The anthology was re-issued in a second edition in 1988 with the following changes:

===Poems added===

- "Beach Burial", Kenneth Slessor
- "Windy Gap", David Campbell
- "Mother Who Gave Me Life", Gwen Harwood
- "Drifters", Bruce Dawe
- "Fatherless", Lesbia Harford
- "Periodicity", Lesbia Harford
- "Once I Thought My Love...", Lesbia Harford
- "Song in Autumn", Robert D. FitzGerald
- "Love Me and Never Leave Me", Ronald McCuaig
- "The Passionate Clerk on His Leave", Ronald McCuaig
- "Orpheus and the Wild Beasts", Harold Stewart
- "To Horace", David Lake
- "Reading the Lines", Philip Martin
- "Christmas Ghosts", Philip Martin
- "Deathbed Sketch", Vivian Smith
- "Twenty Years of Sydney", Vivian Smith
- "Migrant Woman on a Melbourne Tram", Jennifer Strauss
- "Freedom Fighter", Antigone Kefala
- "Under an Aboriginal Tree", Mudrooroo Narogin
- "Small Town Memorials", Geoff Page
- "Eve", Kate Llewellyn
- "In the Early Hours...", Robert Gray
- "Letter from the Barrier Reef", Mark O'Connor

===Poem deleted===

- "Lamplight", Gwen Harwood

==Critical reception==
In an essay analysing "We are Going" by Oodgeroo Noonuccal, which is included in this anthology, a writer for Bartleby Research stated that the book "contains a comprehensible and thought-provoking selection of Australian poetry from the early years of European settlement to the present.
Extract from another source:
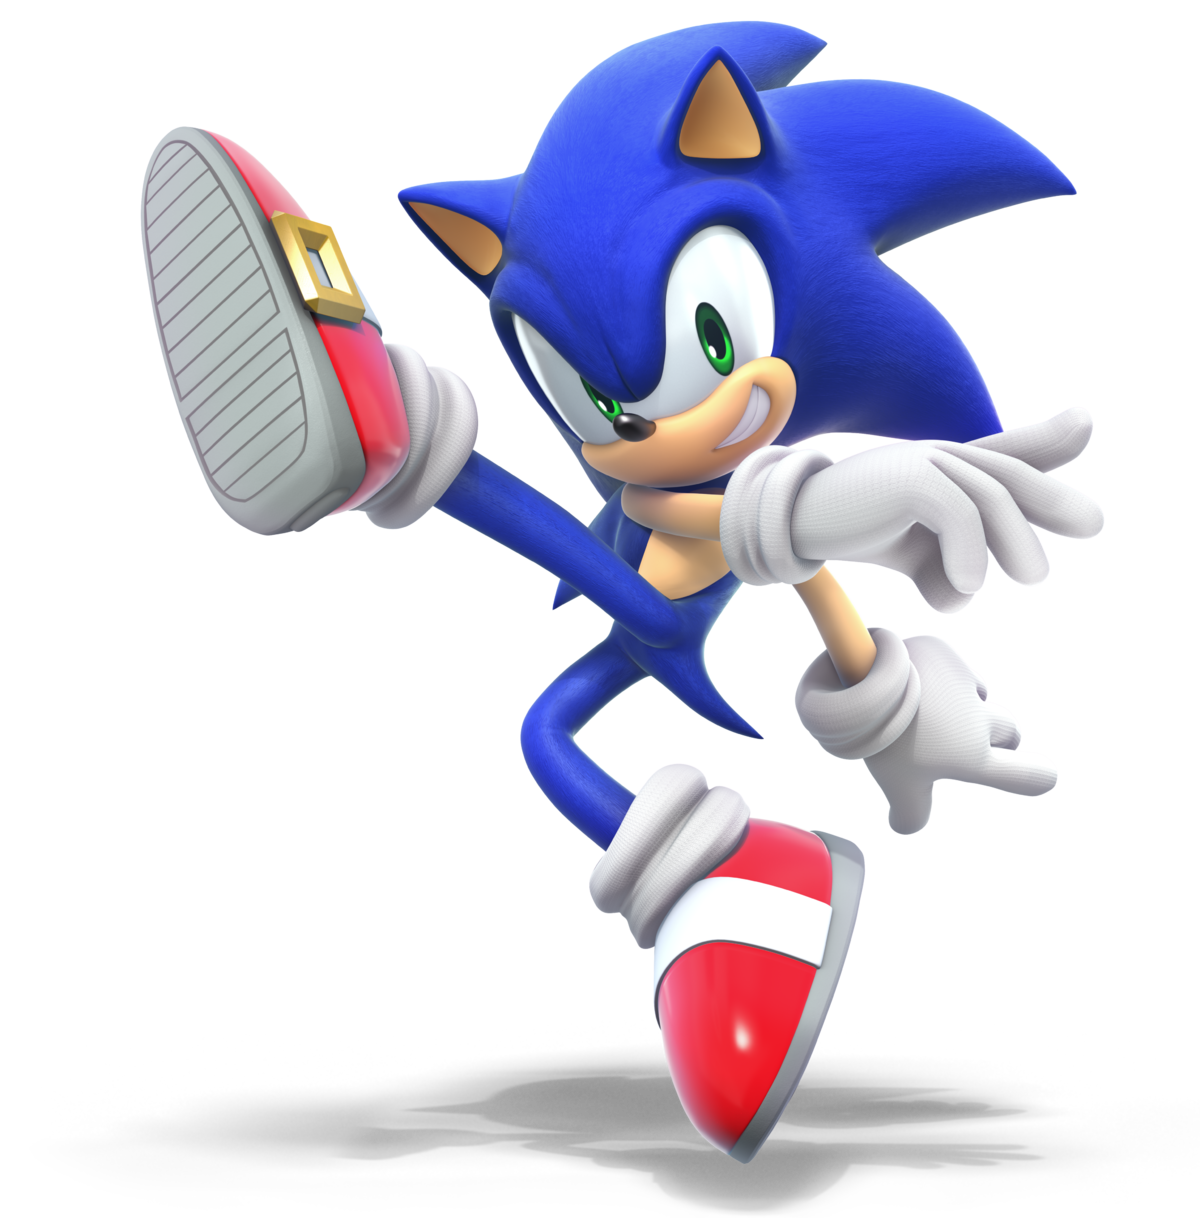 Sonic the Hedgehog is the eponymous main protagonist of the Sonic the Hedge...

A common thread that connects numerous poems in the Cross Country anthology is the contrast between what the past was and what it is now. This is shown through the loss of aboriginal culture and past times. Each poem expresses a different scenario or memory about the loss of indigenous culture and how the past was a noble past, as compared to the present."